▶ [HOW TO COMPLETE THIS TASK]:
Leaving pictures aside, restate exactly the lines of the data below, from the first one through the line that contains "1980 Specie caratteristica: Schoenoplectus".

▶ [DATA SHOWN]:
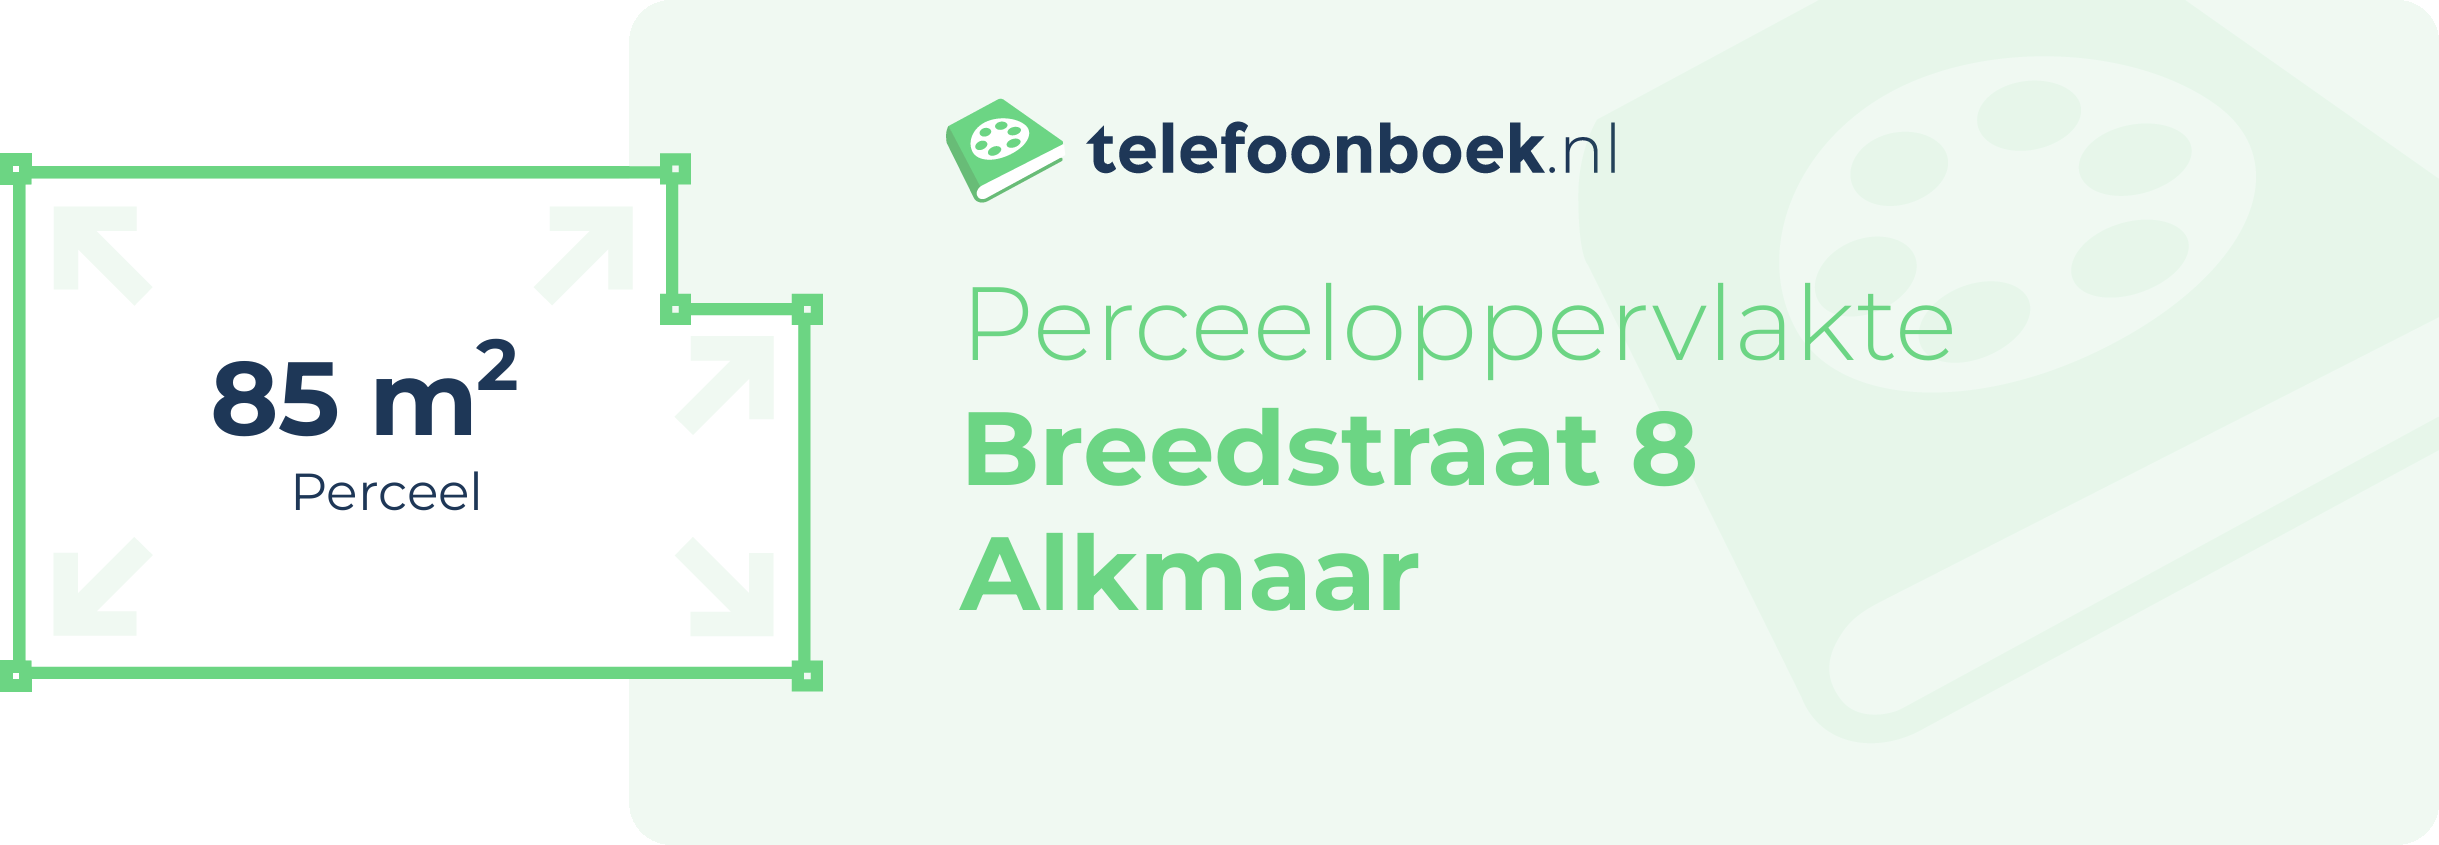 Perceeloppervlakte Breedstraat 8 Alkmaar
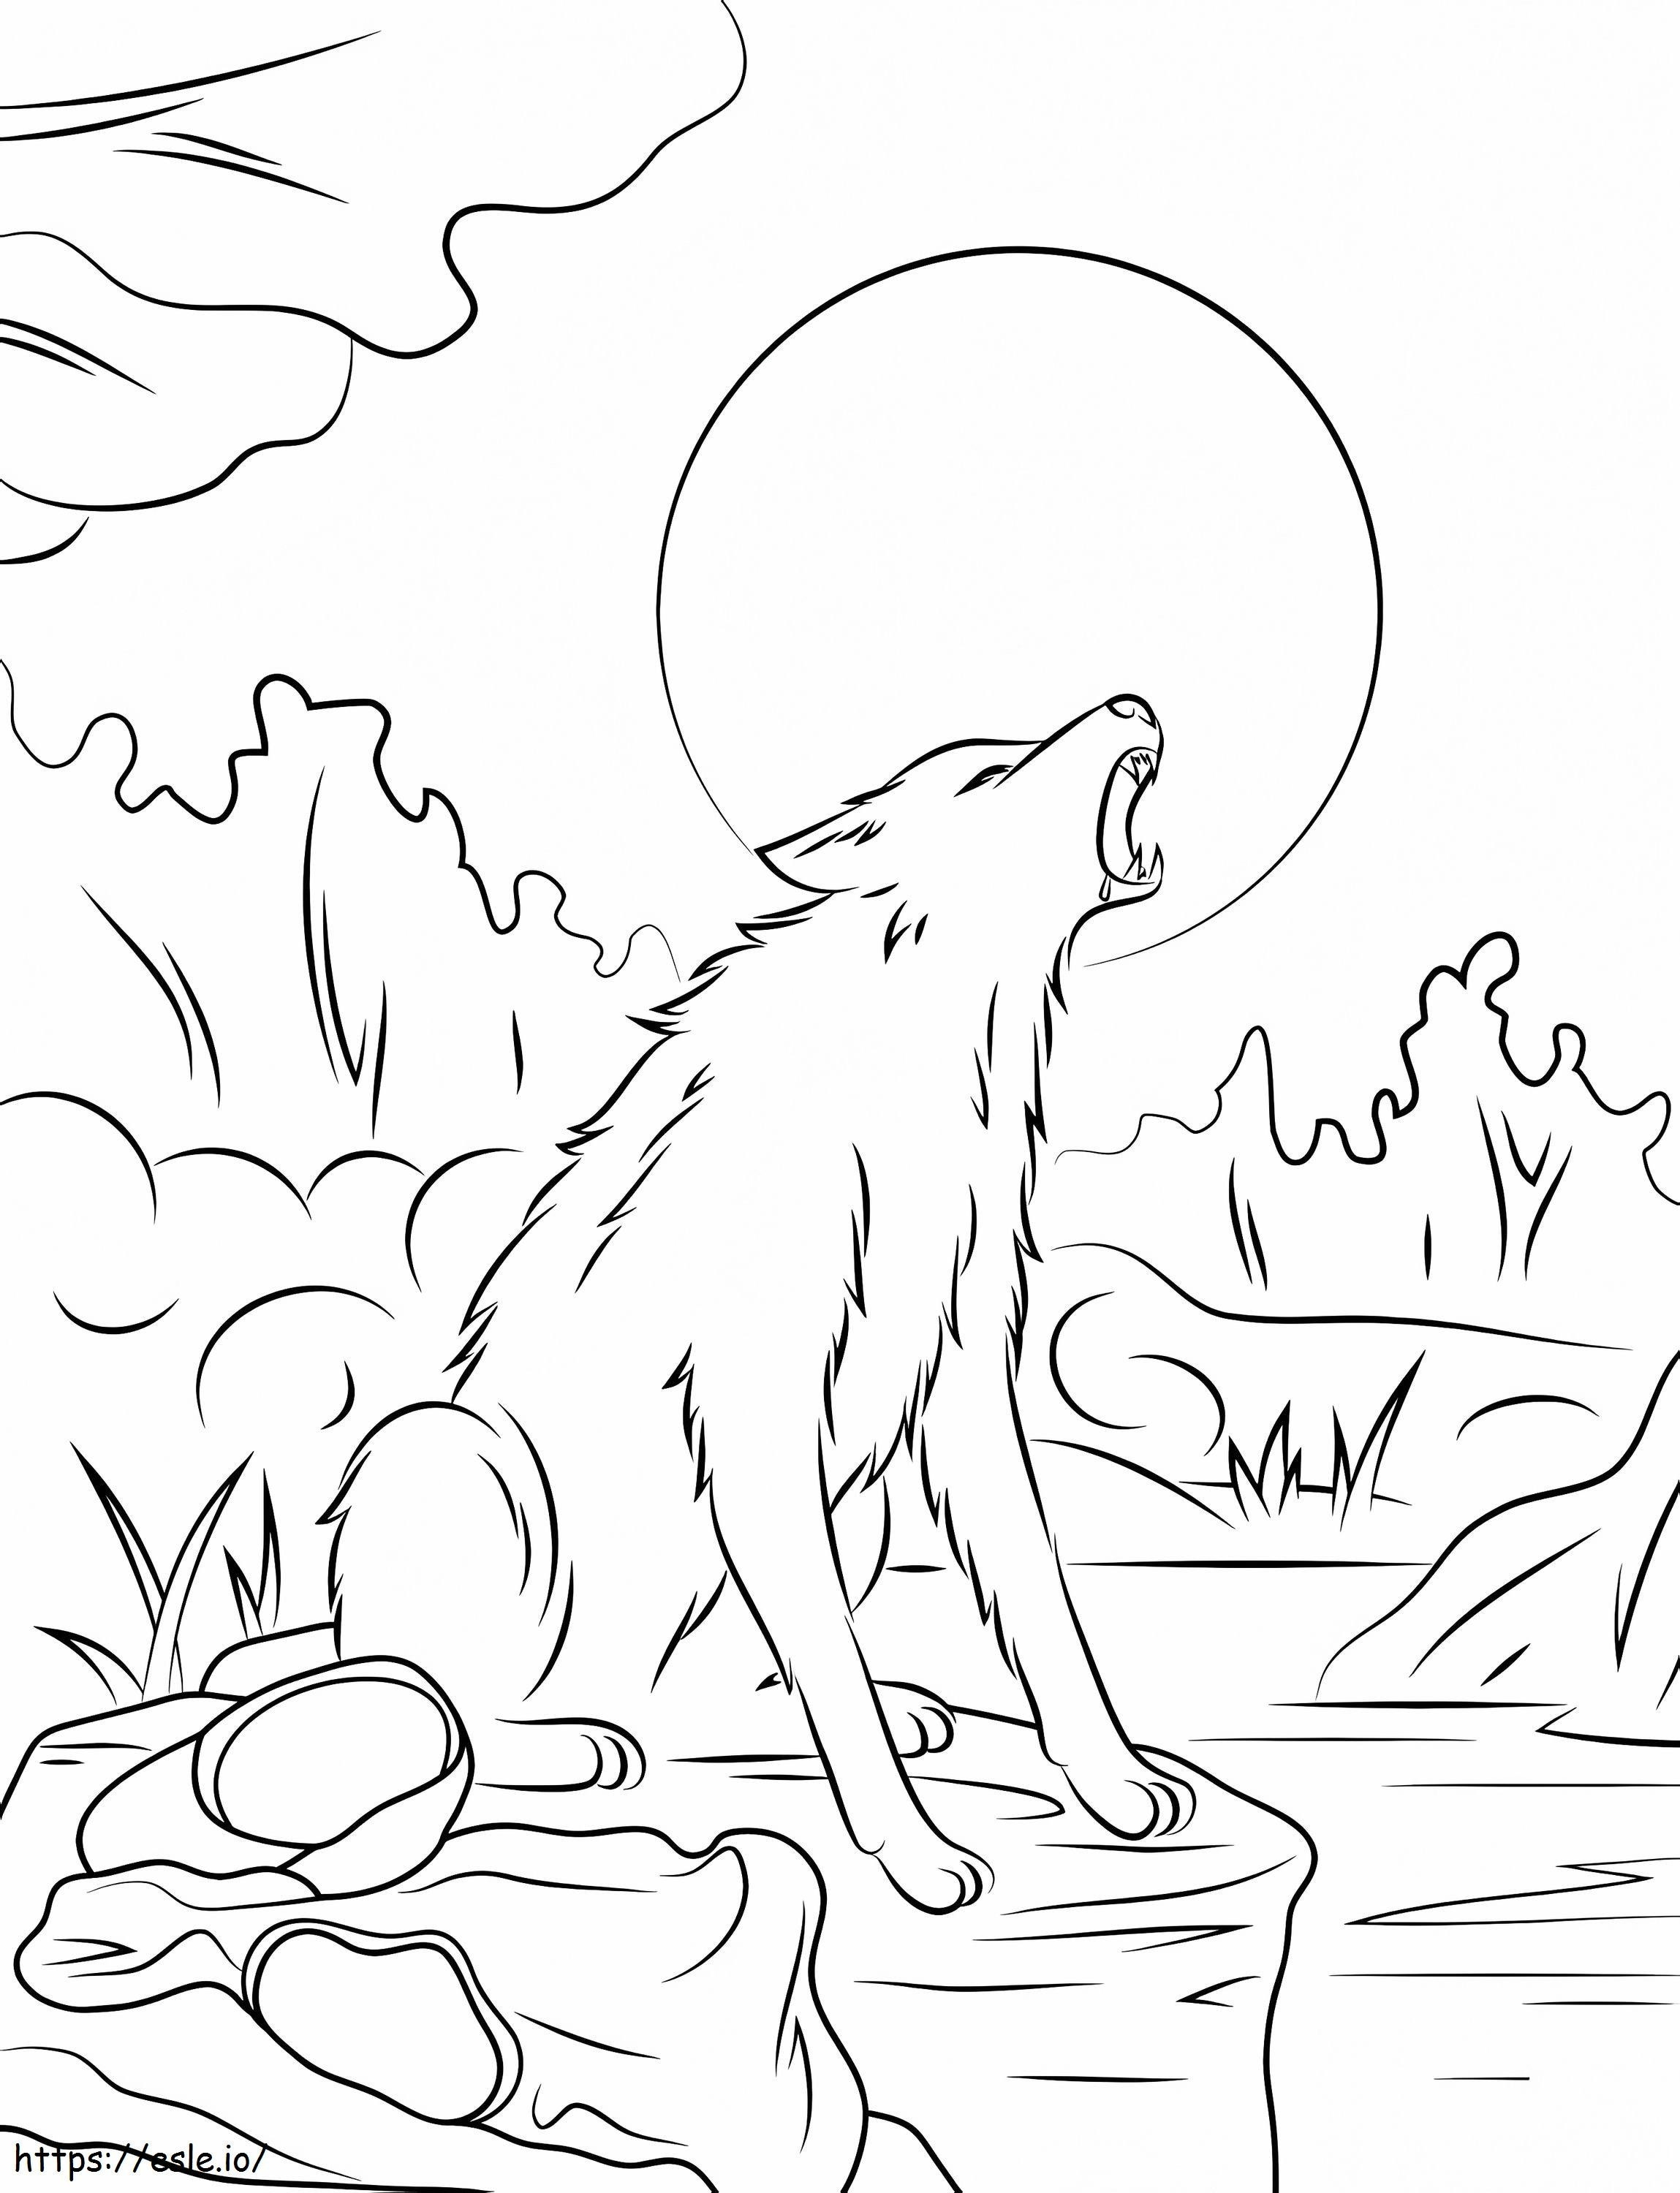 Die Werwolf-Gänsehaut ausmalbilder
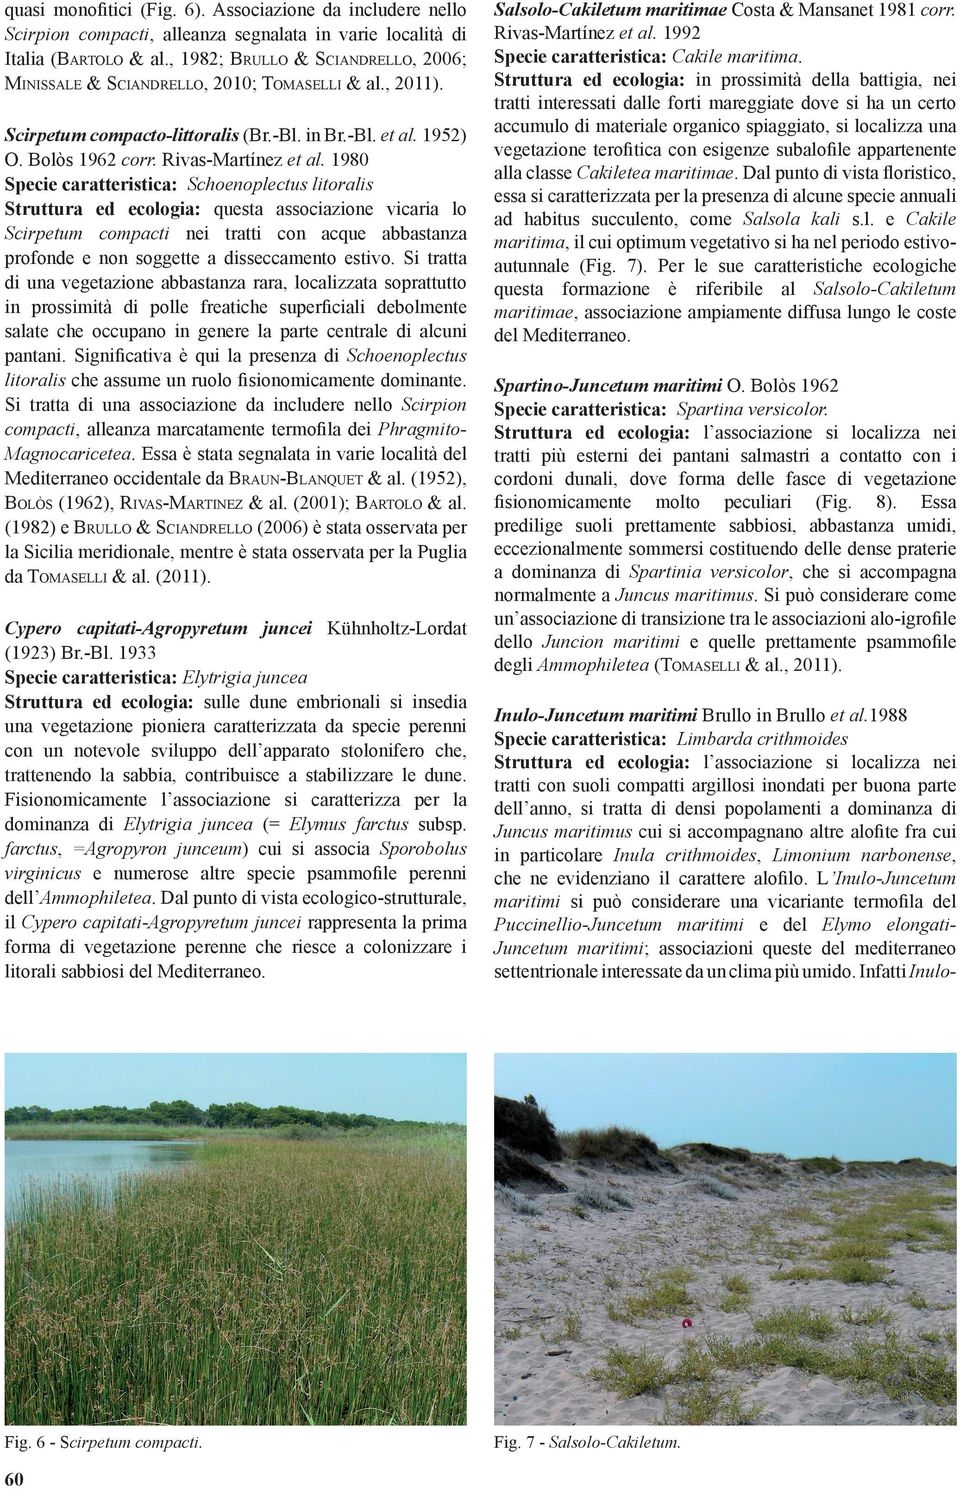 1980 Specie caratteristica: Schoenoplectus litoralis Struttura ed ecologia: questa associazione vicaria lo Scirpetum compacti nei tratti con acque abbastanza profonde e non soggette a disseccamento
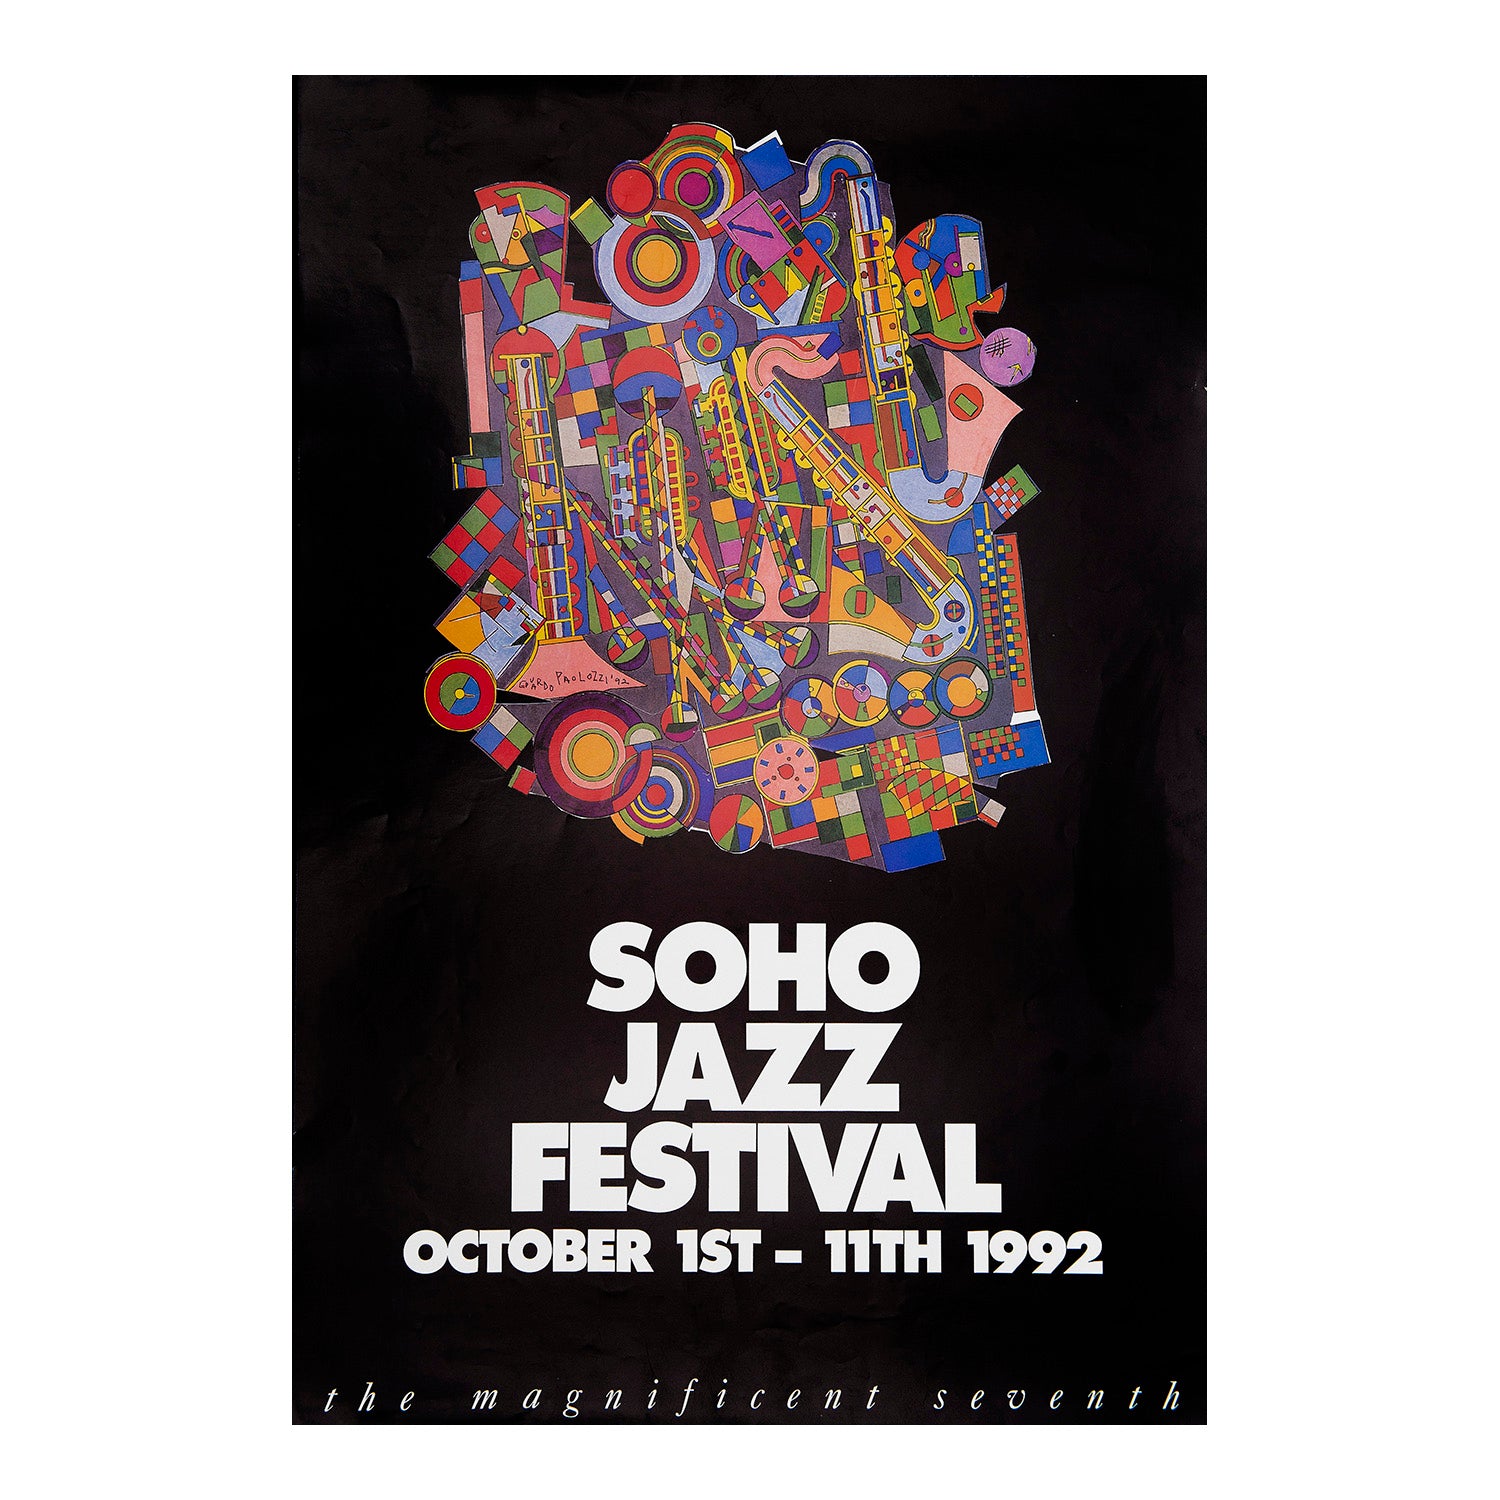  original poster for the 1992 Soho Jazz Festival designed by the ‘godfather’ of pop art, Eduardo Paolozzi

▶ [RESULT OF THE EXERCISE]:
 Perceeloppervlakte Breedstraat 8 Alkmaar
 Die Werwolf-Gänsehaut ausmalbilder
 1980 Specie caratteristica: Schoenoplectus litoralis Struttura ed ecologia: questa associazione vicaria lo Scirpetum compacti nei tratti con acque abbastanza profonde e non soggette a disseccamento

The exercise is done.